**SOURCE MATERIAL:**
- - - - - - -

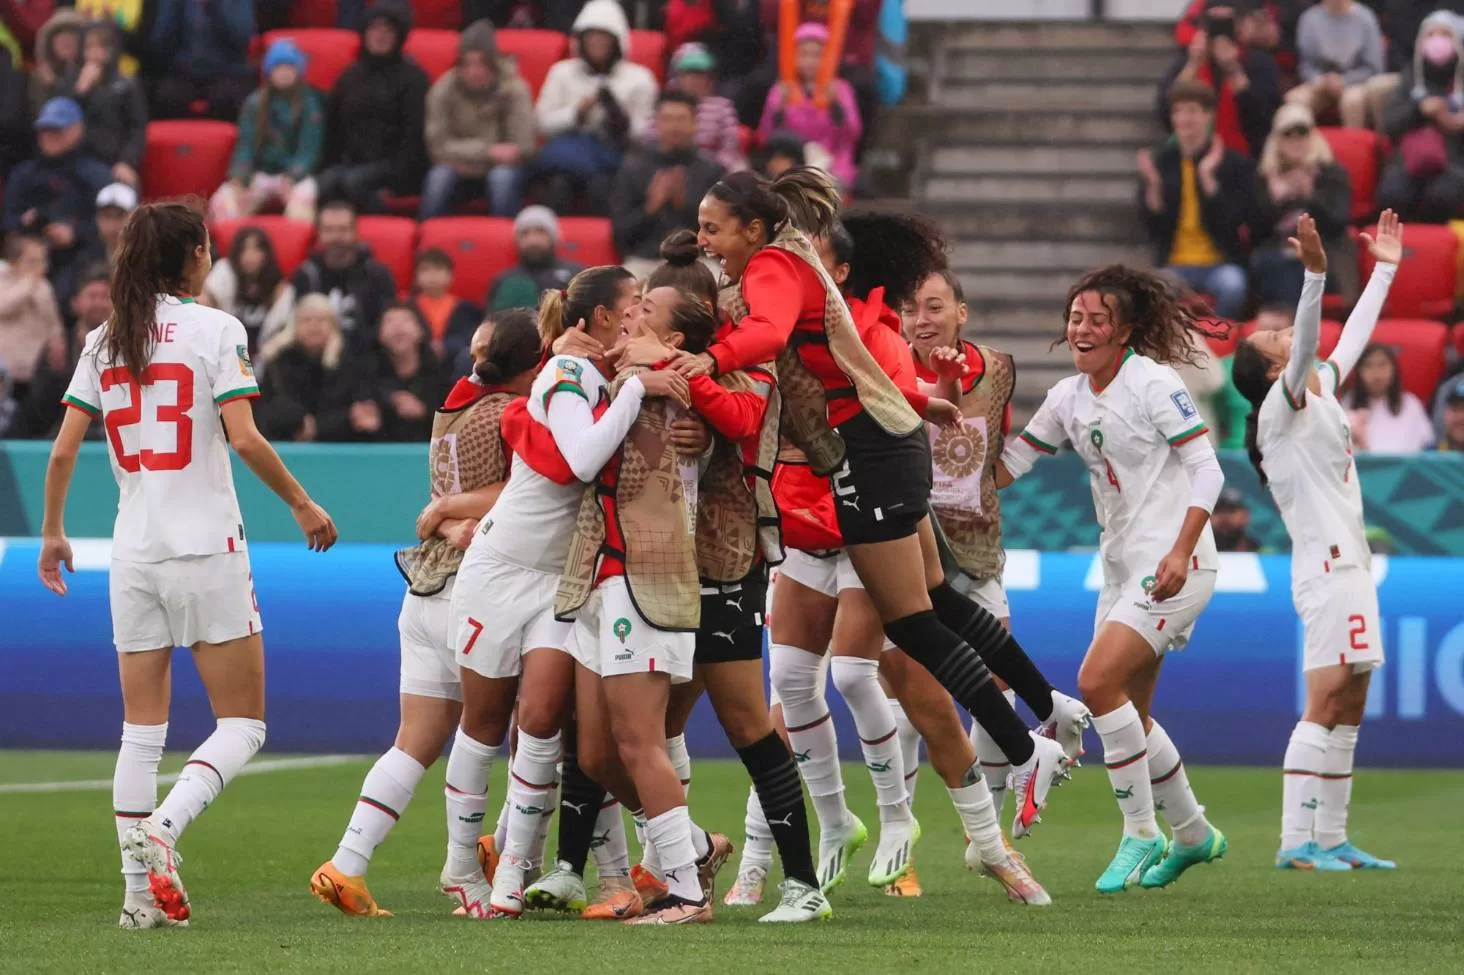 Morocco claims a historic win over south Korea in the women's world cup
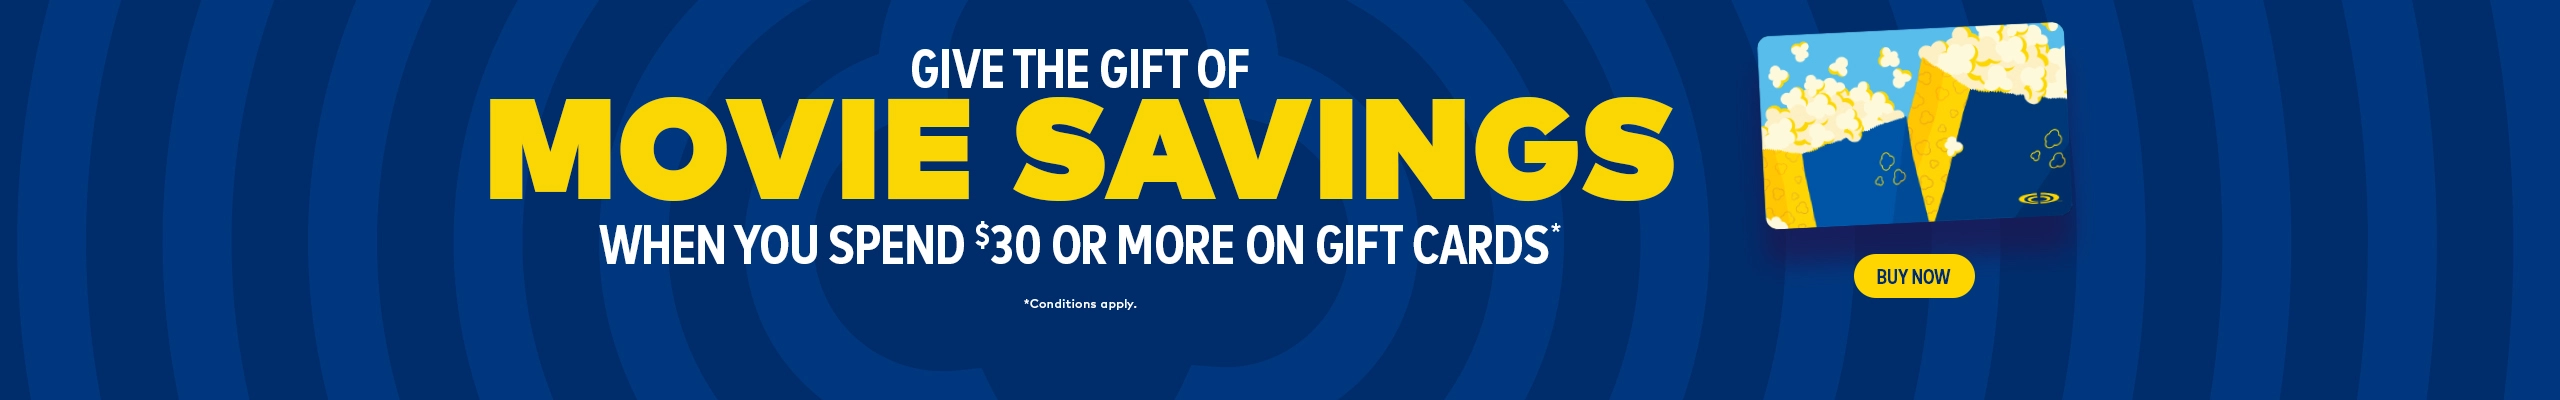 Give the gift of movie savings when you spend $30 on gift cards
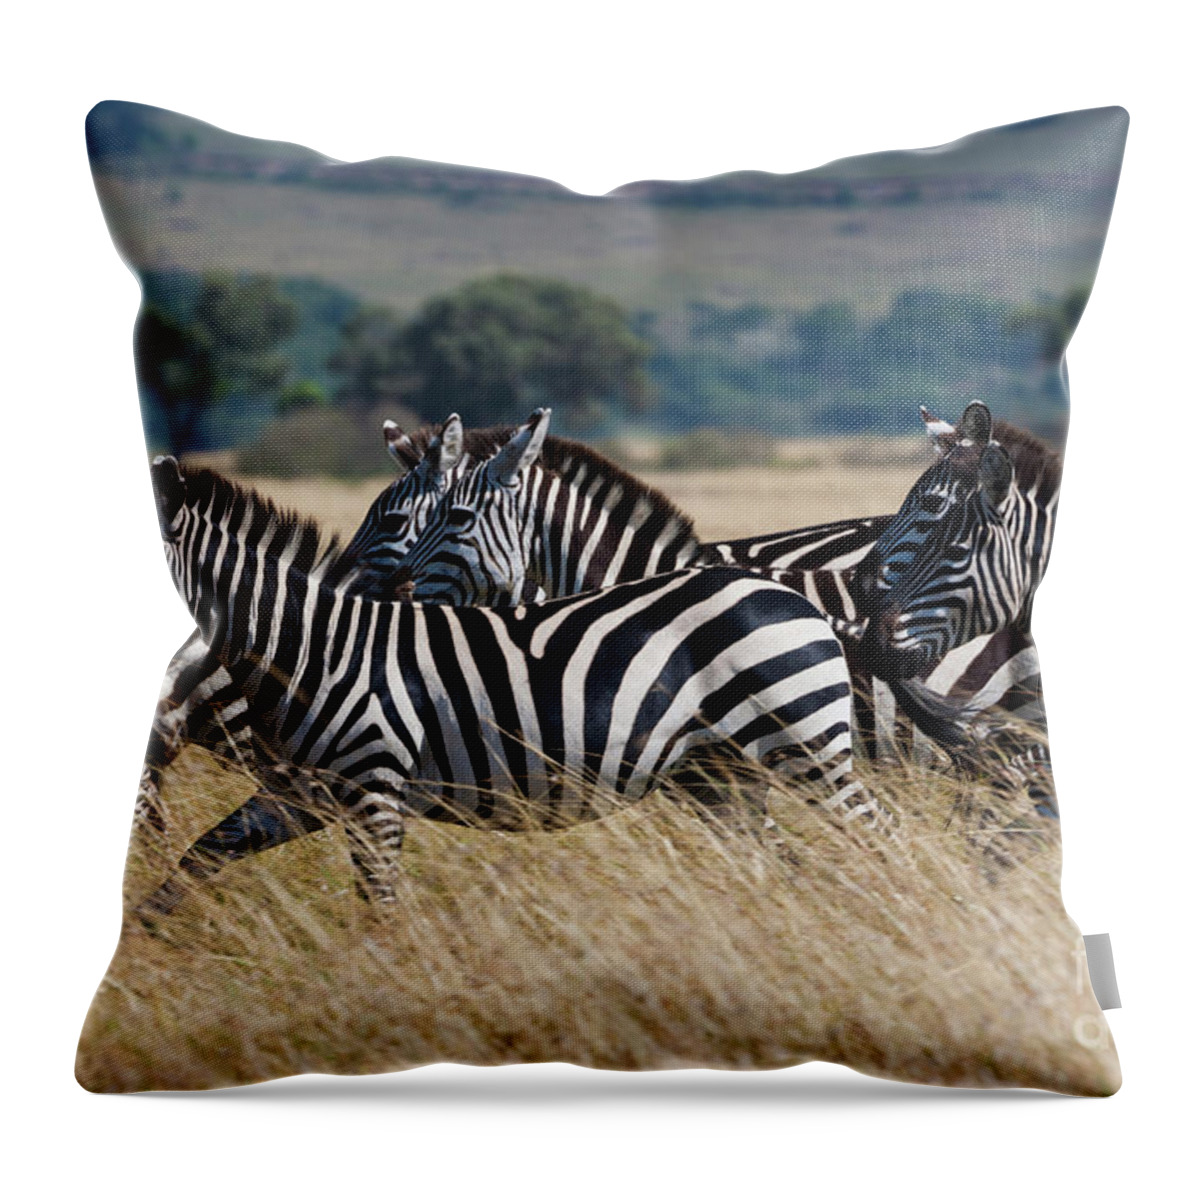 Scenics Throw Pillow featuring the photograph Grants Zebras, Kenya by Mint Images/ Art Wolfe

- - - - - - -

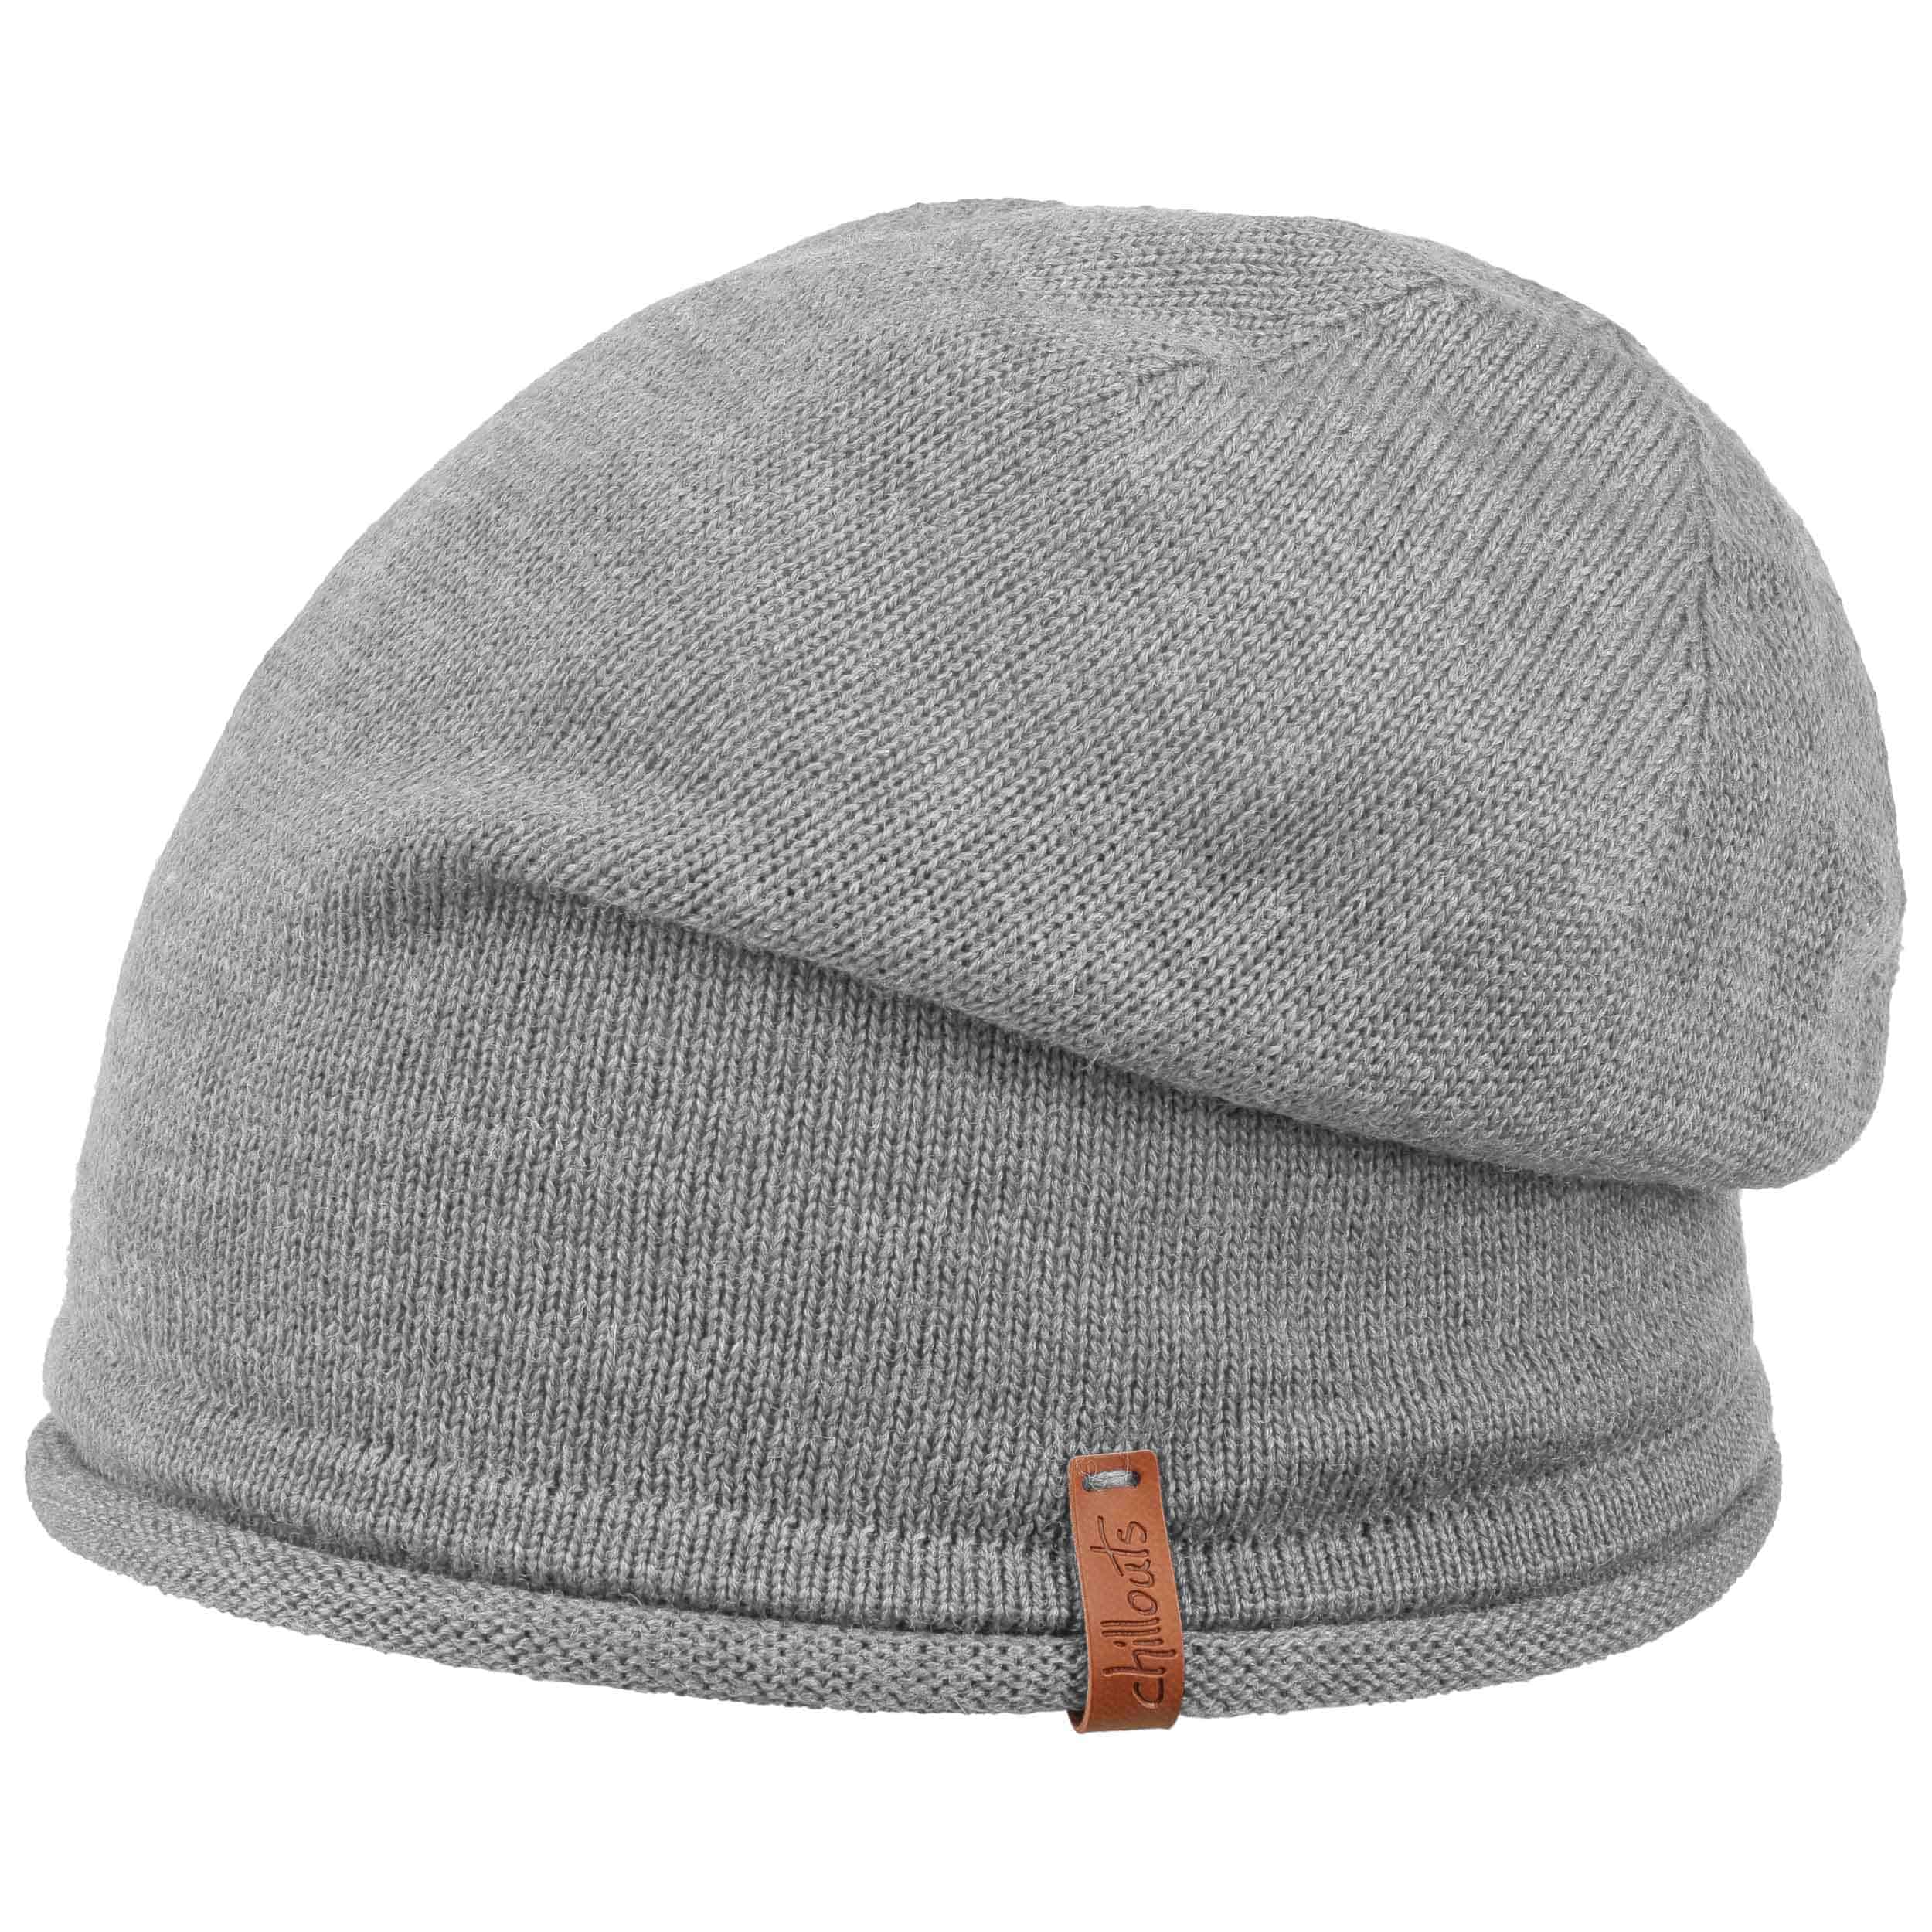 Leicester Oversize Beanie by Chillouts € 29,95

- - - - - - -

**WHAT THE EXERCISE ASKS:** In the data above, find the line containing "Morocco claims a" and the line containing "Scenics Throw Pillow". Copy exactly the stretch from the first through the second, both included, leaving out any picture.

**EXPECTED ANSWER:**
 Morocco claims a historic win over south Korea in the women's world cup
 Give the gift of movie savings when you spend $30 on gift cards
 Scenics Throw Pillow featuring the photograph Grants Zebras, Kenya by Mint Images/ Art Wolfe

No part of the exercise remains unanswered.